I'm a climbing fanatic – think Death Ride -- and enjoy long training sessions. I'm naturally competitive, but I don't aspire to race. I enjoy pushing my limits, standing on pedals and snapping into a climb.

I'm attracted to Ti because of its longevity and light weight. I like the idea of investing in a durable, "lifetime" frame that I can use as a platform for groupsets of increasing sophistication and decreasing weight through the years. At the same time, I'm price-sensitive -- the Works CR, as offered up by backcountry.com, represents the top end of my range.

If I went for the Works, I’d immediately trade the 53/39 for either a compact or a triple -- but don't know how big a project would that be, or how much it would cost (for example, would I need to swap out front and rear derailleurs, bottom bracket?).

The Extralight frame looks wonderful; I like the idea of fleshing in a skeleton. The net difference between the Extralight frame and the complete Works is $755 (factoring in shipping). I own components cannibalized from a Trek 5000 (which had a total of 5,000 miles) – wheelset (Bontrager Race), carbon seatpost, a saddle, a braze-on 105 front, an Ultegra rear, a 172.5 Ultegra triple crank, a bottom bracket, and 105 brakes. I'd need new shifters, headset, stem, and cassette, and possibly a clamp for the front derailleur, which was a braze-on. The componentry is scuffed, the crank teeth are a bit rounded, and it's 2004 vintage -- but the set would likely work on the Extralight. Right? Haven’t shopped around for the components I’d need, and don’t even know whether I should use the older stuff I own. 

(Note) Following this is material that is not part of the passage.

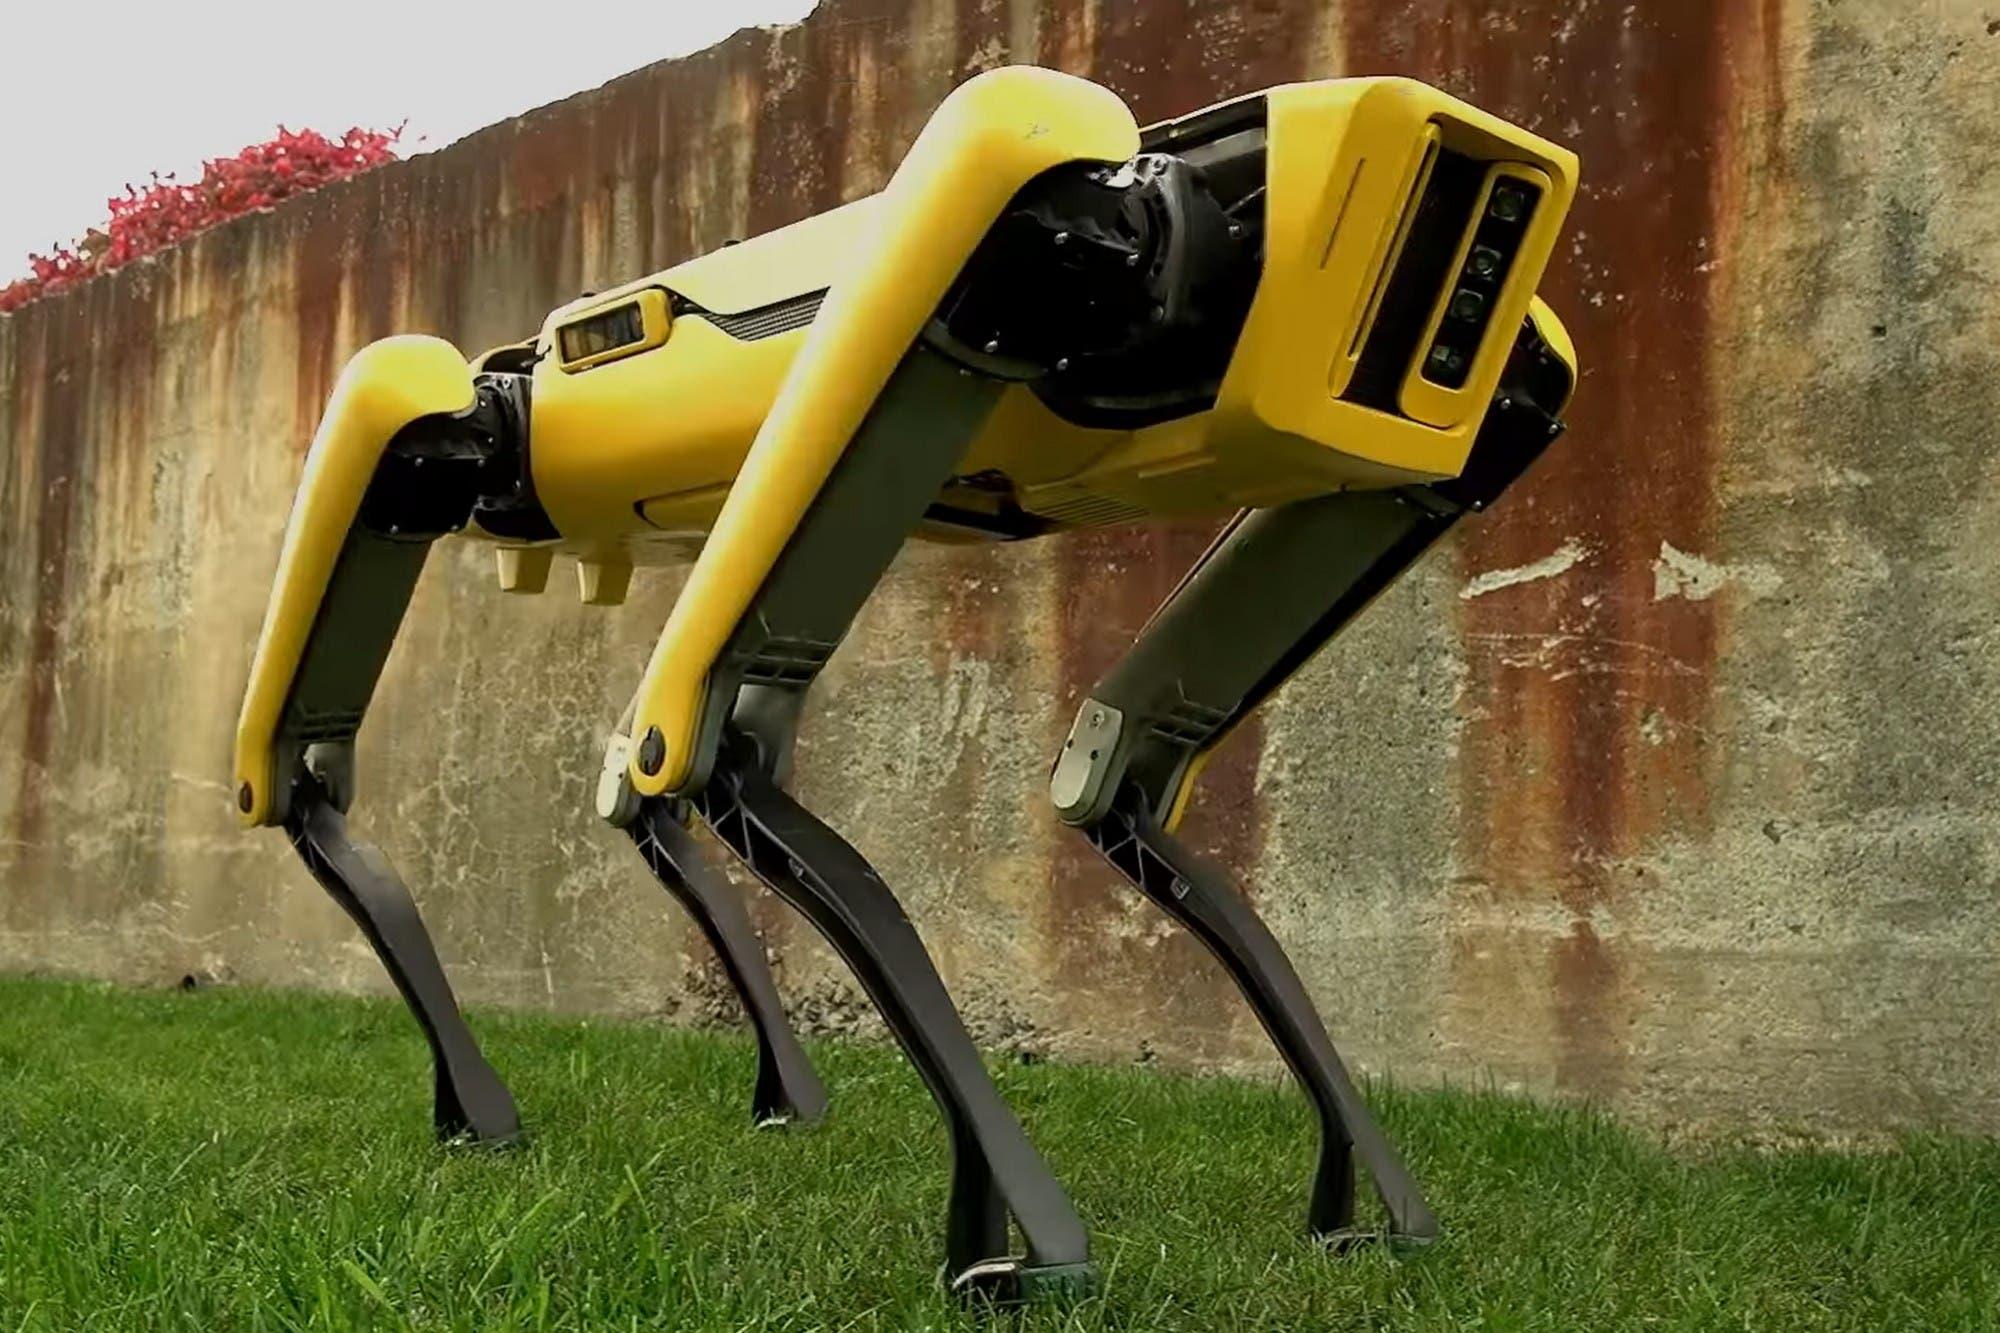 El perro robot Spot de Boston Dynamics se convierte en el nuevo guardián del distanciamiento social en espacios públicos en Singapur
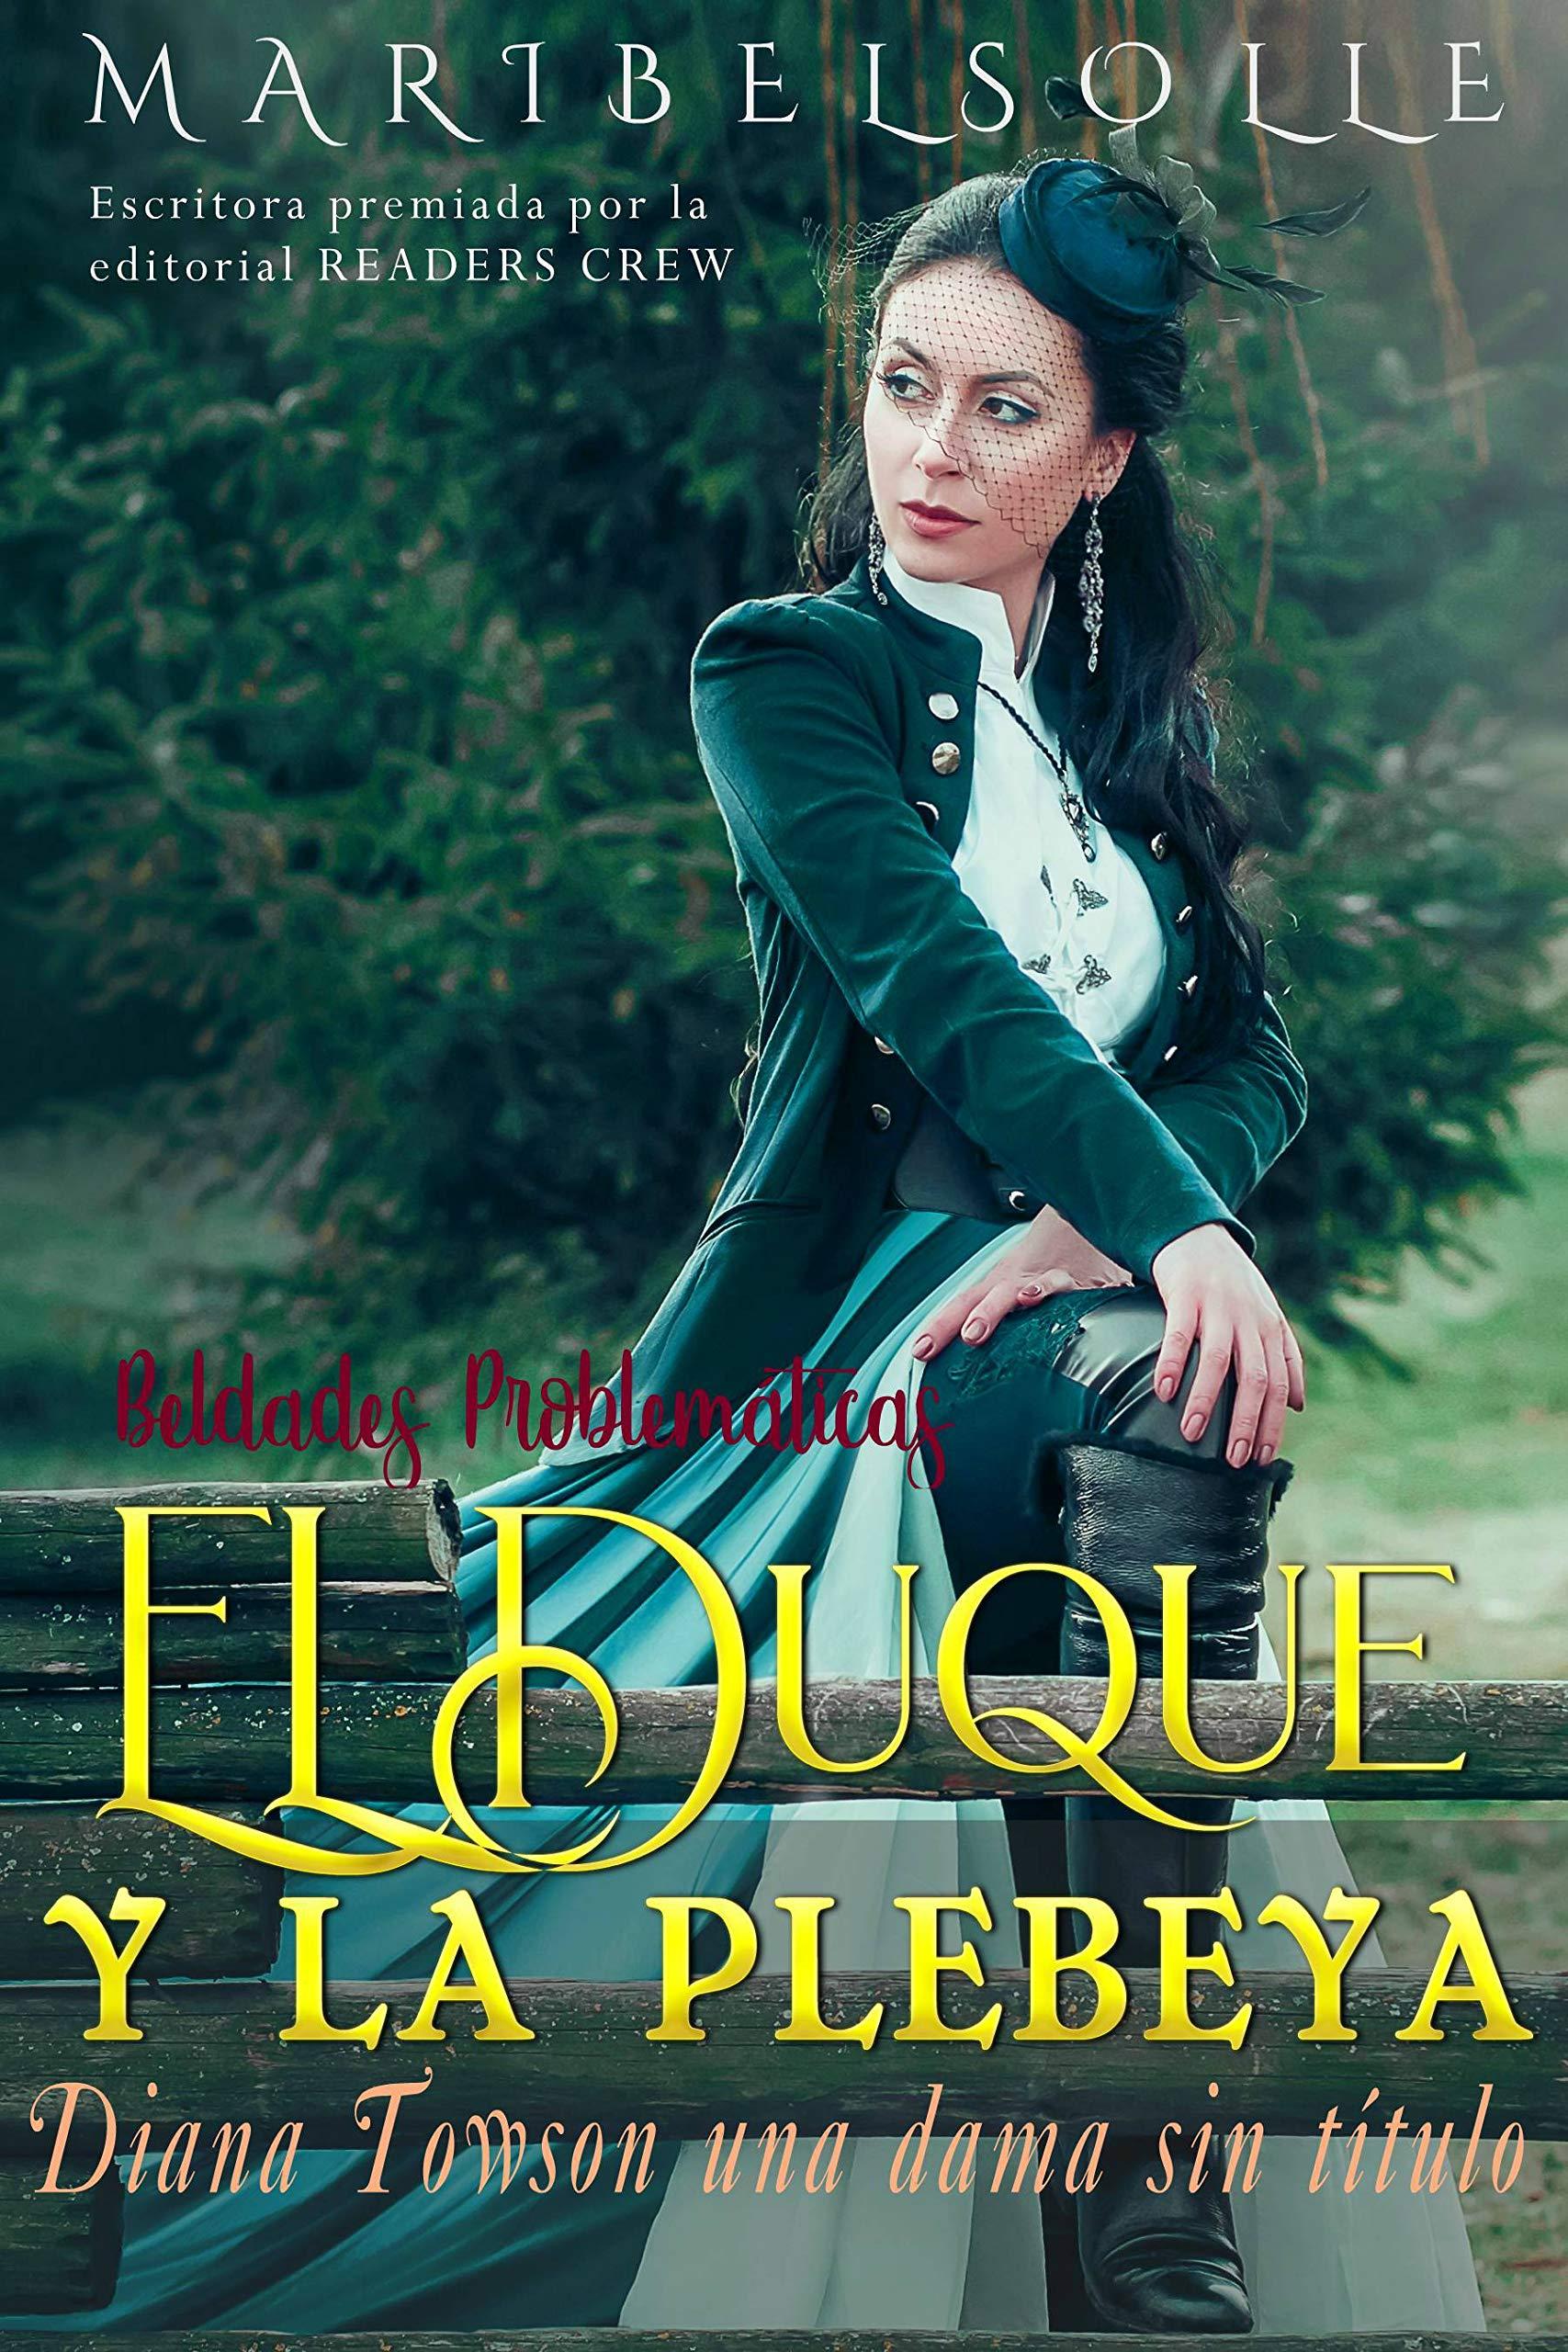 El Duque y la Plebeya: Diana Towson una dama sin titulo (Beldades problemáticas)

In your opinion, is the Extralight frame, given my riding style, worth building with used parts? I might save some money, but probably not much.

It might be worth mentioning that I've demoed neither frame -- nor any titanium for that matter - and am making the purchase based on my literature review. In general, Ti seems compatible with my desire to invest for the long run, and in sync with my riding preferences.

I'm absolutely sick of obsessing about this purchase -- can you relate? -- and want to put an end to my angst - today. Both bikes are on hold.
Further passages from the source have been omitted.